With no comforting International Orange presence, the bus became sinister to me; it seemed possible it would barrel into the churning strait whose waves walloped the brown-and-green coast. The hulking green boughs of cypresses tossed crazily in the wind, as furiously as the bus’ windshield wipers, and I found it hard to believe there had ever been those warm idyl days in my memory, of a San Francisco with with a sapphire-blue sky and golden sunlight on the emerald leaves. I gripped tightly onto the overhead straps as we barreled into the void.
Suddenly, we took a right and into the parking lot of the welcome center and Round House, the latter’s red neon sign glowing cheerful in the rain. Hulking out of the fog like a kindly giant wading ashore, was the old bridge, steady as ever. Only, even walking closer, the towers seemed to go up forever, and the span goes on and on into the mists, a sullen Bifröst, around the world in a great circle, and as a result you felt giddy and drunk on your legs as any sense of proportion dissolved.

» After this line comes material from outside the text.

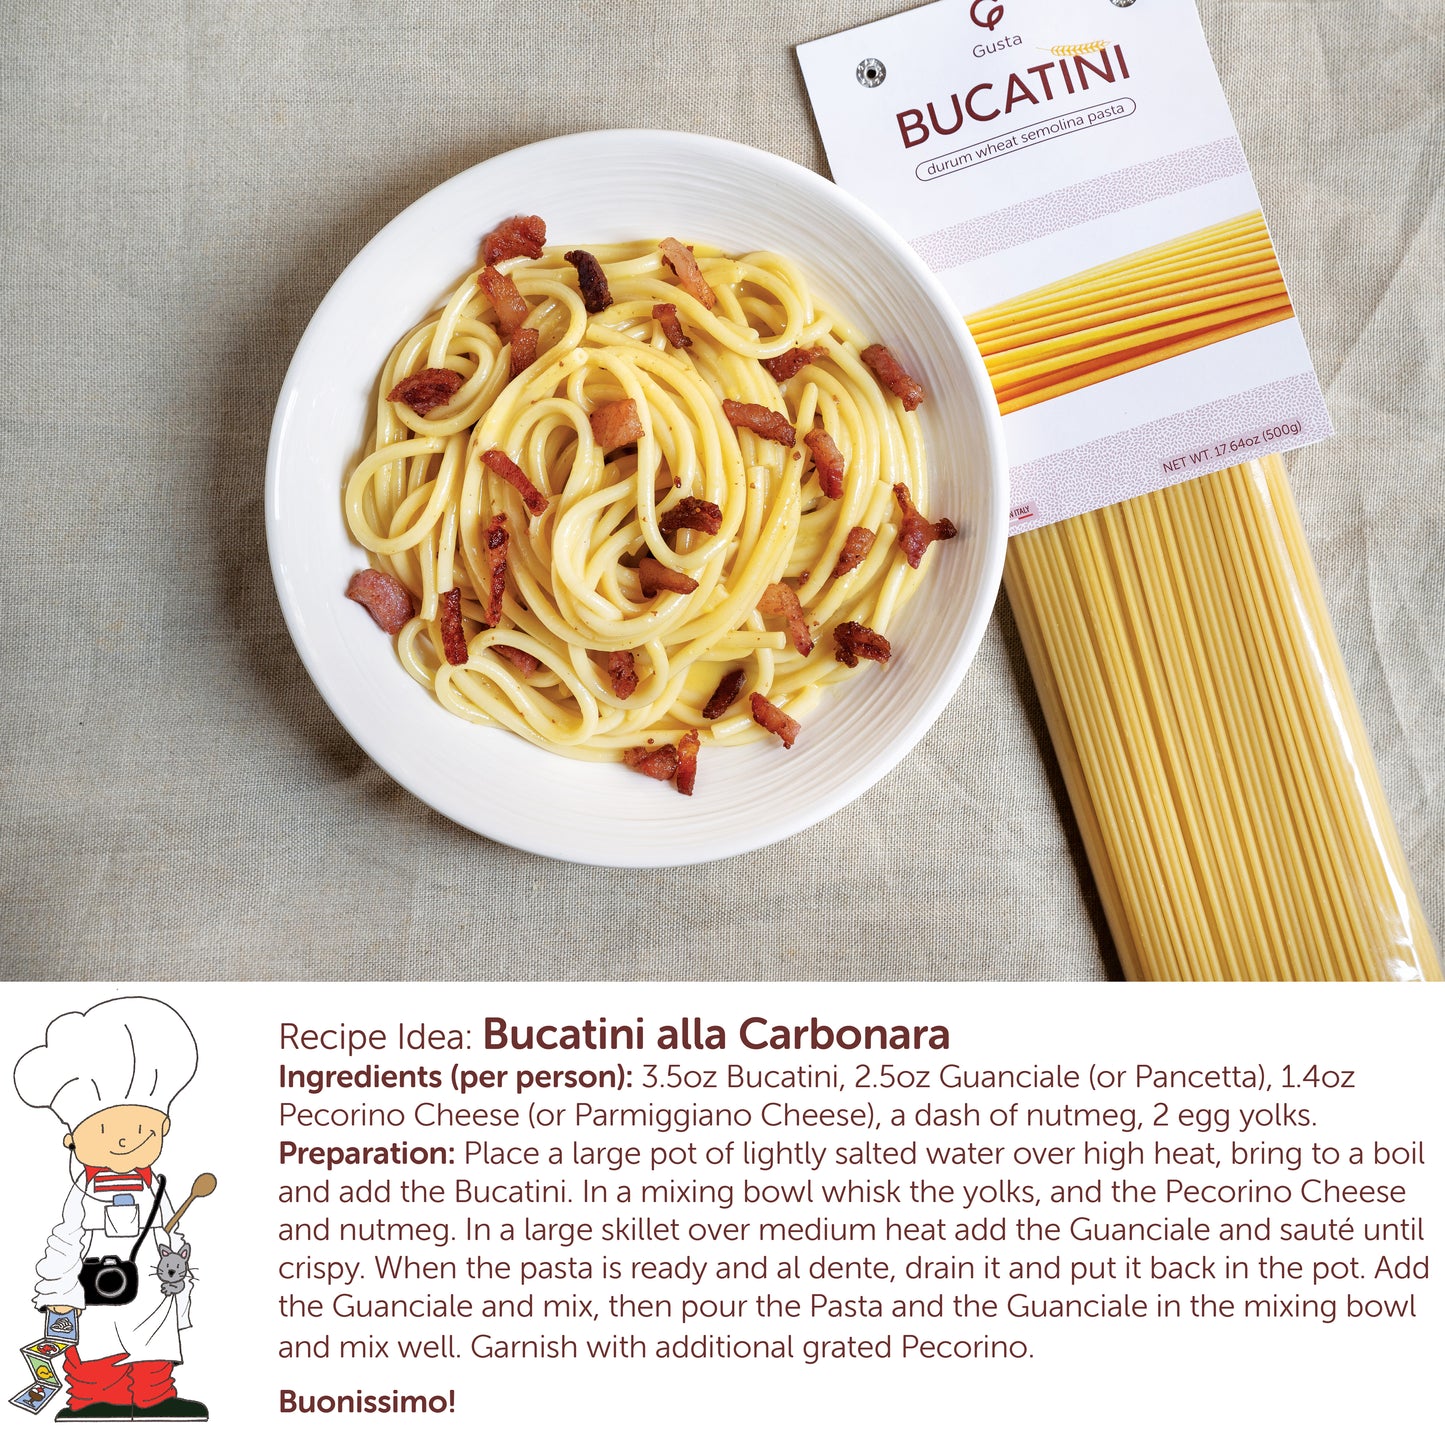 Gusta Bucatini Pasta - USDA Organic - Non-GMO Durum Wheat Semolina

The waves which churn at the tower’s based seem immense enough to drown a man ten times over, and you cling desperately to these herbaceous outcrop of rock. But this is really the wonder that you want, a feeling of uneasy awe, a sense of oh-yes-that’s-what-it’s-all-about. The Victorians knew all about it, as they escaped their steam engines and belching factories, and we seek it too as we flee the algorithms, the headless Waymo cars, the endlessly breeding AI.

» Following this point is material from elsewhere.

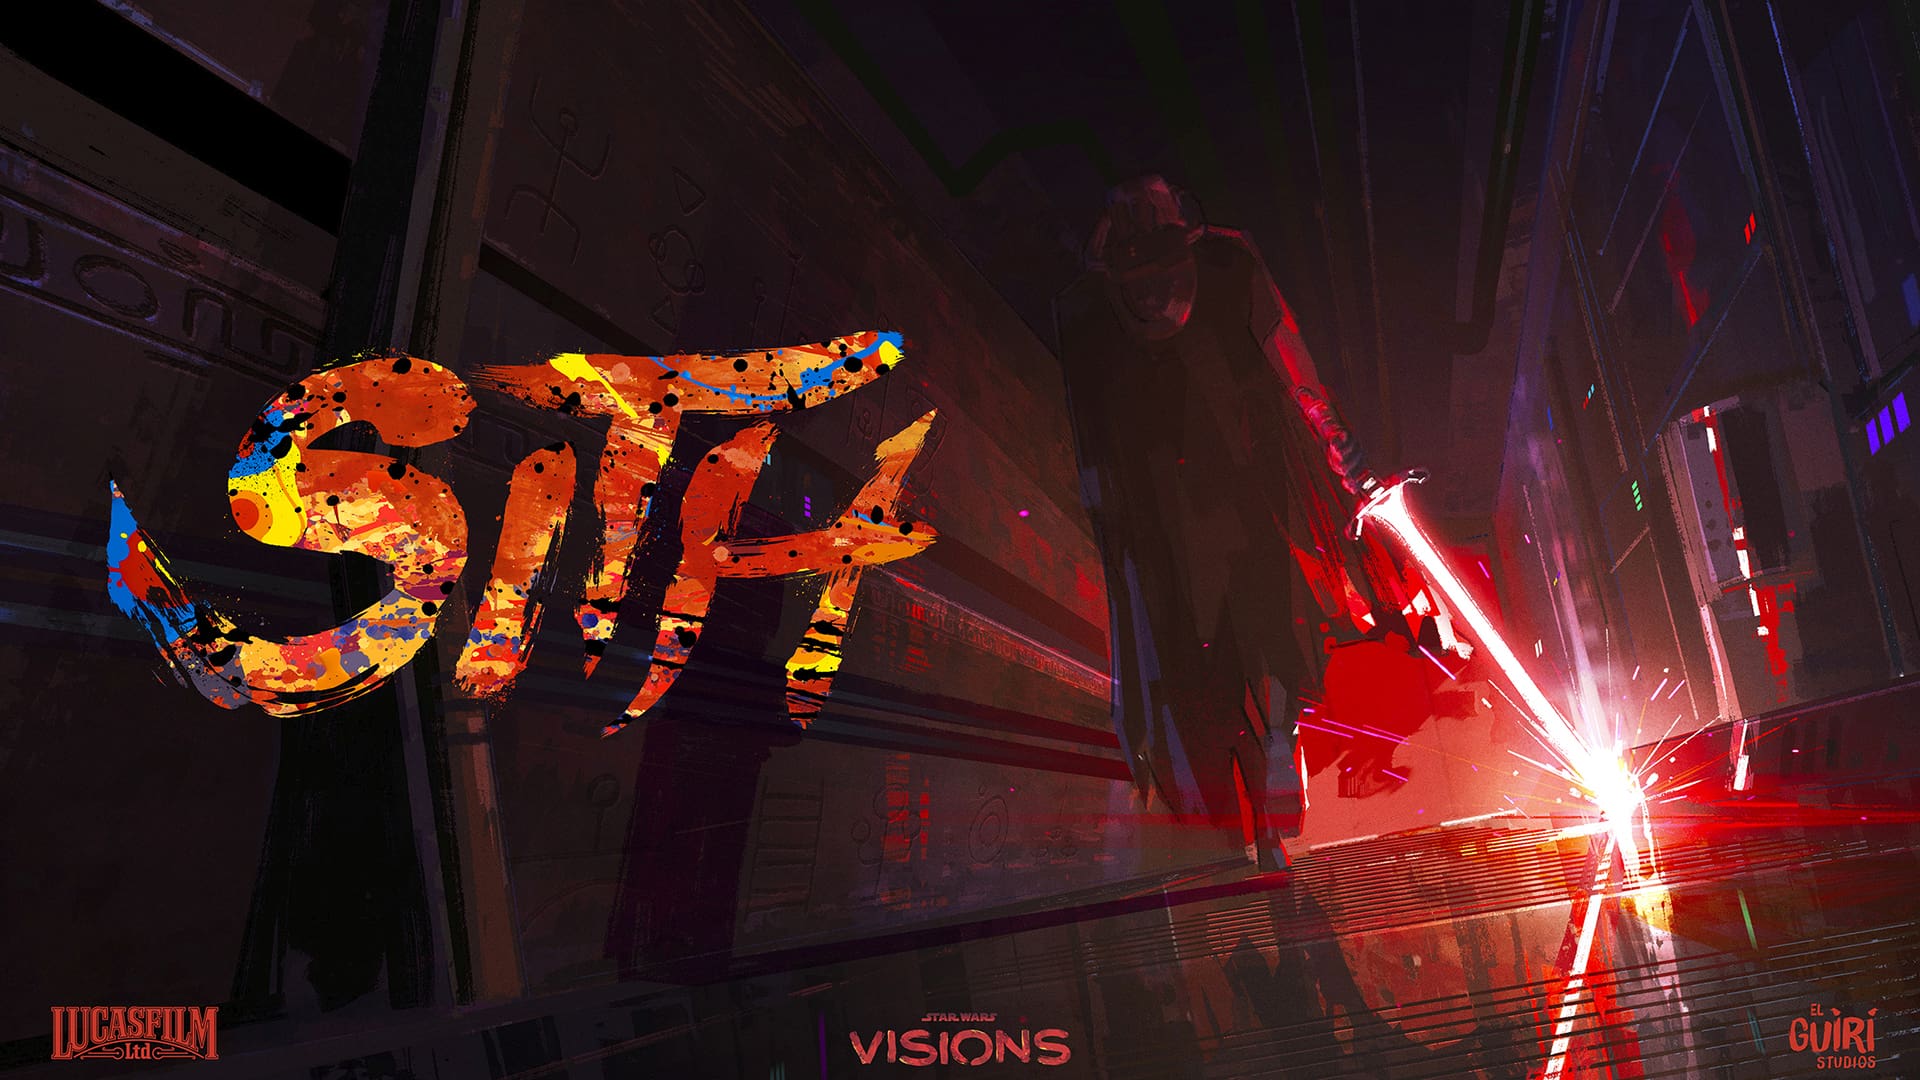 Star Wars: Visions "Sith"

I found another bus which purported to go to the zoo and it reliably took me to the Palace of Fine Arts, a place so mythic that even in cold rain does not reduce the sense that it is another world overlapping with ours and thus cannot be described sufficiently to justify the attempt. The Pan-American International Exhibition — really all the world fairs of that time — tend to be how we hallucinate the classical antiquity as being; but really, they are a glimpse at how our own American classical antiquity was during that heady period. Like the Golden Gate, they seem out of proportion to man, at least modern man; they bestride the Marina like a Colossus, while we petty men scurry about, et cetera, seeking for ourselves dishonorable IPOs.

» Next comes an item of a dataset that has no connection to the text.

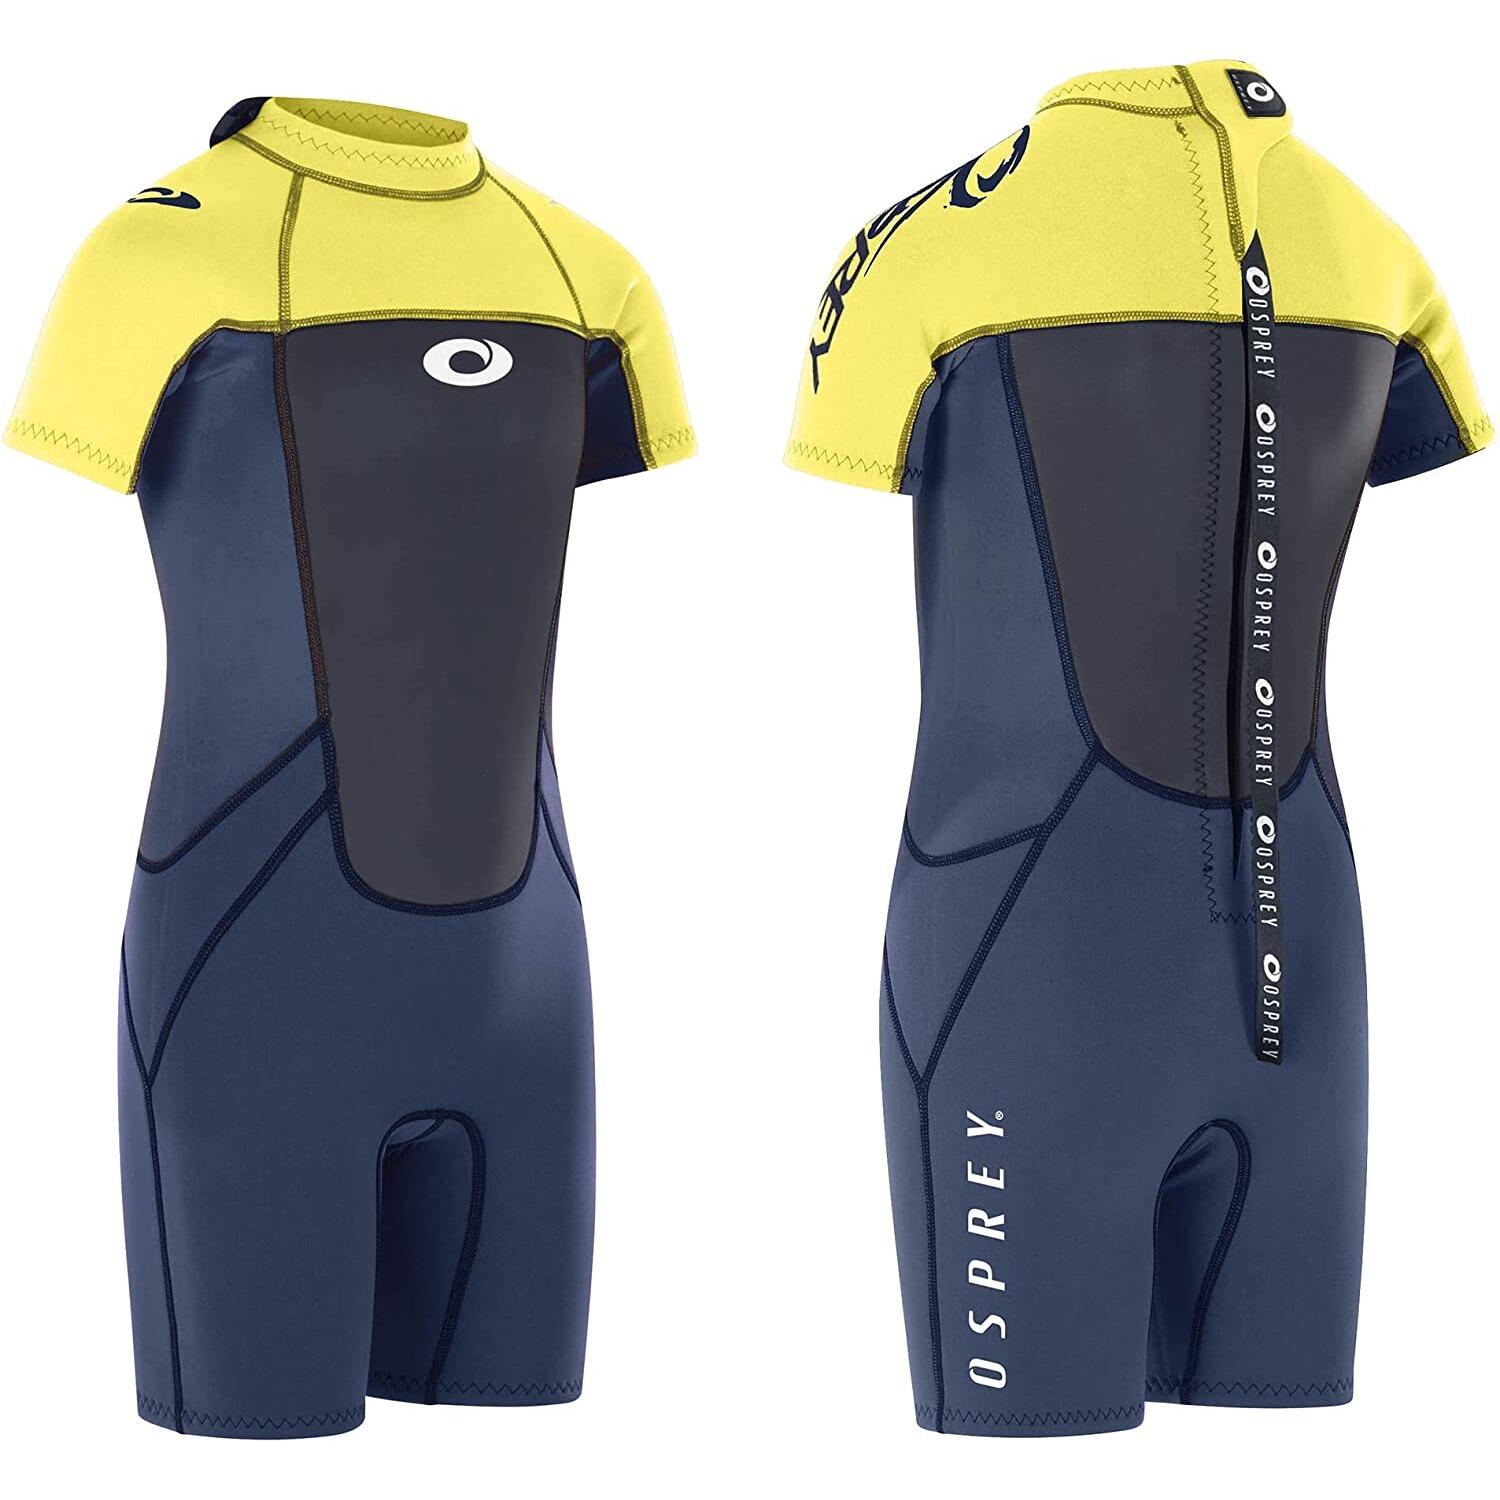 Osprey Origin Kids Neon Yellow Wetsuit - Size M 1/6

Anyone who says intoxication is the point of beer has never ventured four miles in the cold rain. A revelrous bar with a lonely fireside is just the thing to dry out your body and soul, and after yet another bus ride (this one, a commuter bus: accurate signage but an egregious fare advertised only once on board), I ended up at Zeki’s off California, a place with two fireplaces to ward off the damp, cold night. As I wrung myself out, I found a renewed sense of contentment, somewhere between the overwhelming terror of the Golden Gate and the almost soporific beauty of summer memories. The tourists lining up on Lombard cannot help but say “wow!” at every vista, but those relying on that lover’s first glance find it quickly becoming a “huh” and then indifference. To live here is no mean state of awe. It is an orgiastic undercurrent of gratitude.
And if you forget it, you need only step out into the rain to find it again.